Regular Expressions in Java

A regular expression is a kind of pattern that can be applied to text (String, in Java). Java provides the java.util.regex package for matching regular expressions. Regular expressions are very similar to the Perl programming language and are very easy to learn. A regular expression either matches the text (part of it) or not. * If a regular expression matches a piece of text, then we can find it. ** If the regular expression is compound, then we can easily figure out which part of the regular expression matches which part of the text.

First example

The regular expression " [a-z] +" matches all lowercase letters in the text. [a-z]means any character from ato zinclusive, and +means "one or more" characters. Let's assume we supply the string "code 2 learn java tutorial". How to do this in Java First, you must create a template:

import java.util.regex.*;
Pattern p = Pattern.compile(“[a-z]+”);

Next you have to create matcherfor the text by sending a message on the diagram:

Matcher m = p.matcher(“code 2 learn java tutorial”);

NOTE: Neither have constructors Pattern, Matcherwe create them using class methods Pattern.

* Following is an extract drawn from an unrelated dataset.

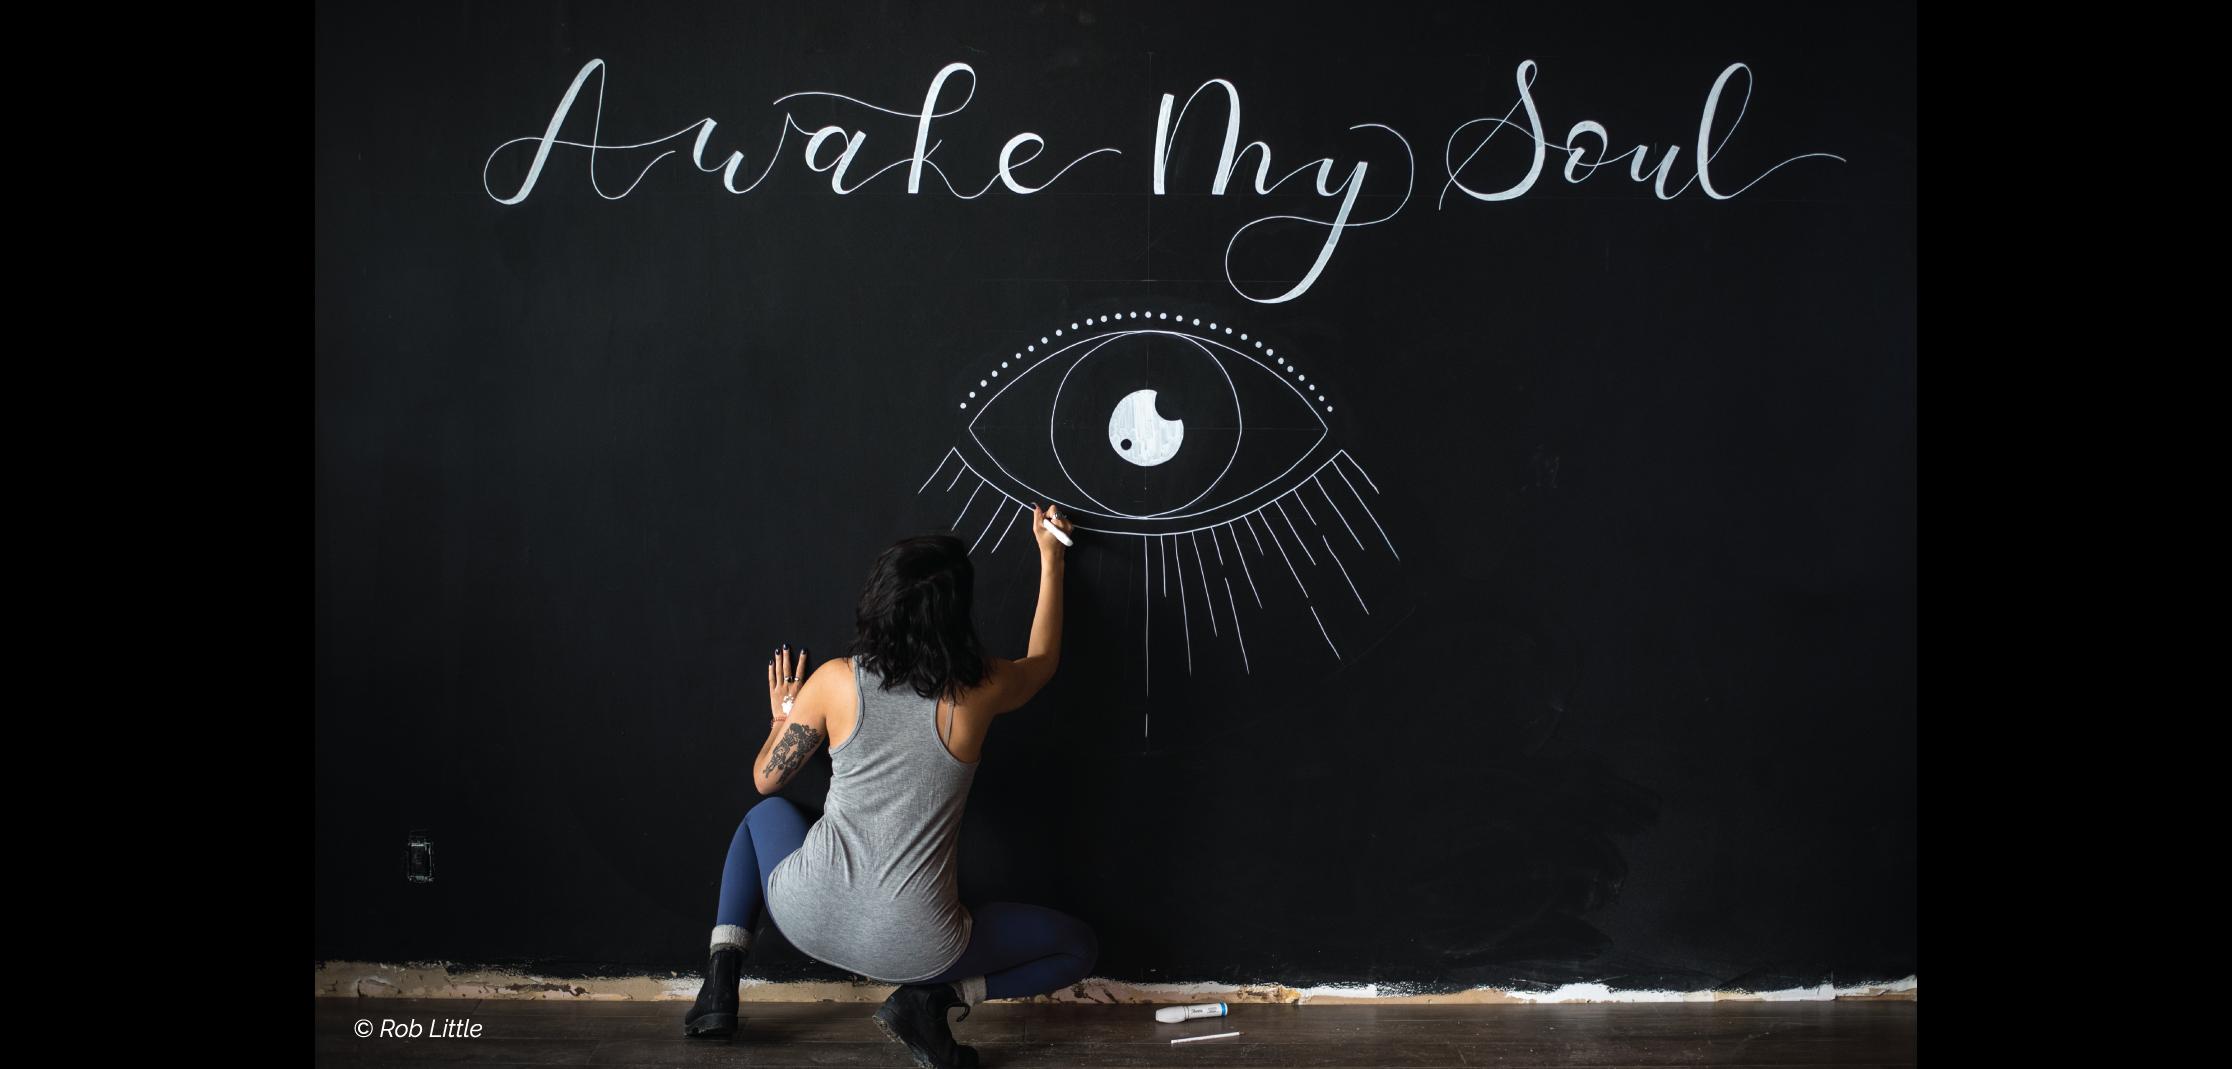 Wall-Mural-Awake-My-Soul.png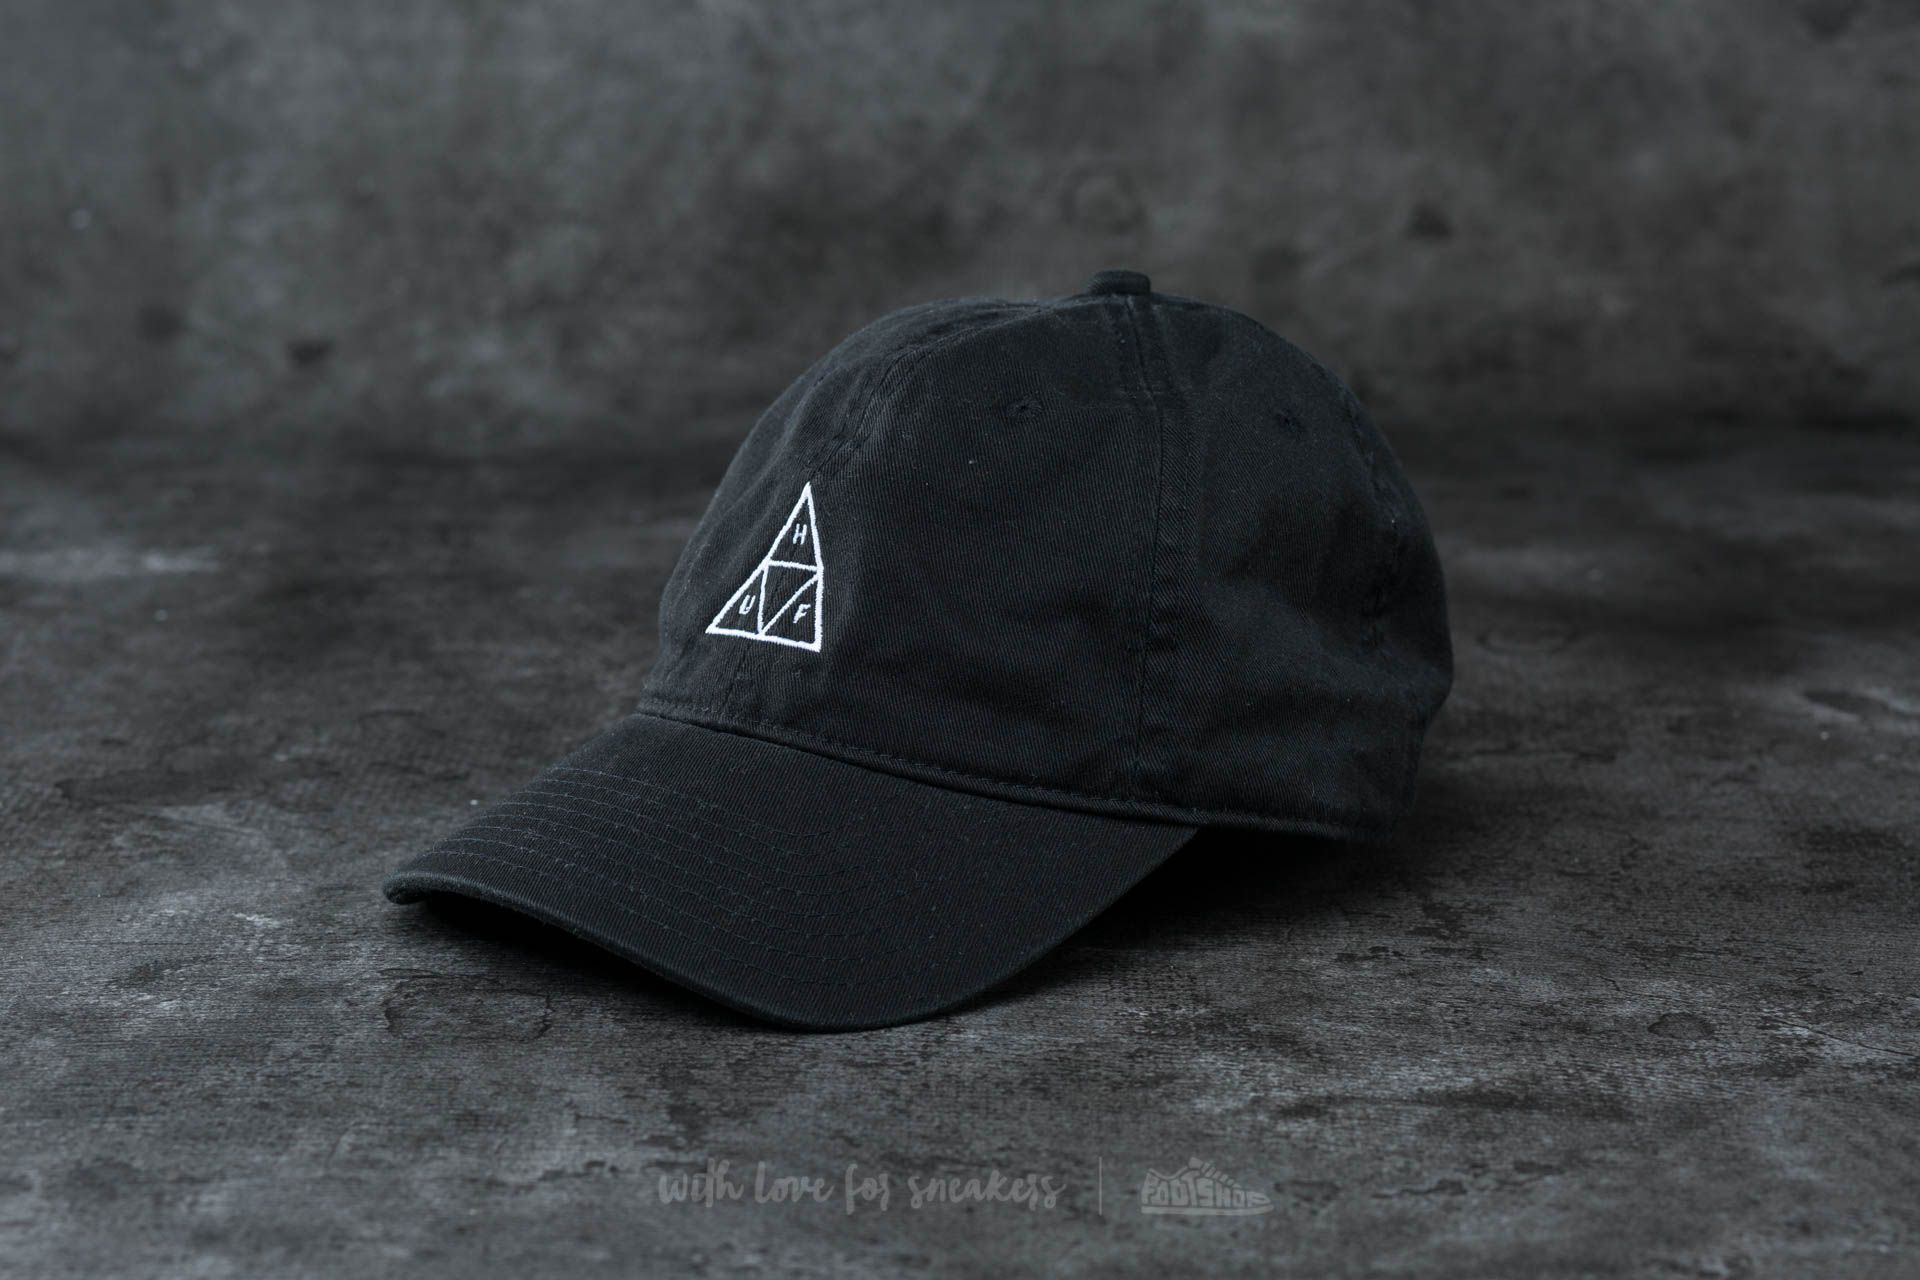 07407874d8ae6 HUF Apparel Triple Triangle Curved Brim Cap Black

Pattern Class:The class object constitutes a representation of a regular expression. The Pattern class does not provide any public constructors. To create a template, you must first call one of the public static methods, which then return an object of the class Pattern. These methods take a regular expression as an argument. Matcher Class:The Finder object is an engine that interprets the pattern and performs matching operations on the input string. Like Patterna class, Matcherit has no public constructors. You get an object Matcherby calling a method matcheron a class object Pattern. Once we have completed these steps, and now we have an instance of the class Matcher m , we can now check whether the pattern was found or not, and if so, at what position, etc. m.matches()returns true if the pattern matches the entire string, false otherwise. m.lookingAt()returns true if the pattern matches the beginning of the string, false otherwise. m.find ()returns true if the pattern matches any part of the text.

What else to read:

Java Developer Group:

Regular Expressions in Java

Finding a match

After a successful match, m.start() will return the index of the first character matched and m.end() will return the index of the last character matched, plus one. If an unsuccessful attempt was made and no match was found, m.start()they m.end()will throwIllegalStateException

This is RuntimeExceptionso you don't have to catch it.

It may seem strange to m.end()return the index of the last matched character plus one, but that's exactly what most of the String.

For example,“Now is the time“.substring(m.start(), m.end())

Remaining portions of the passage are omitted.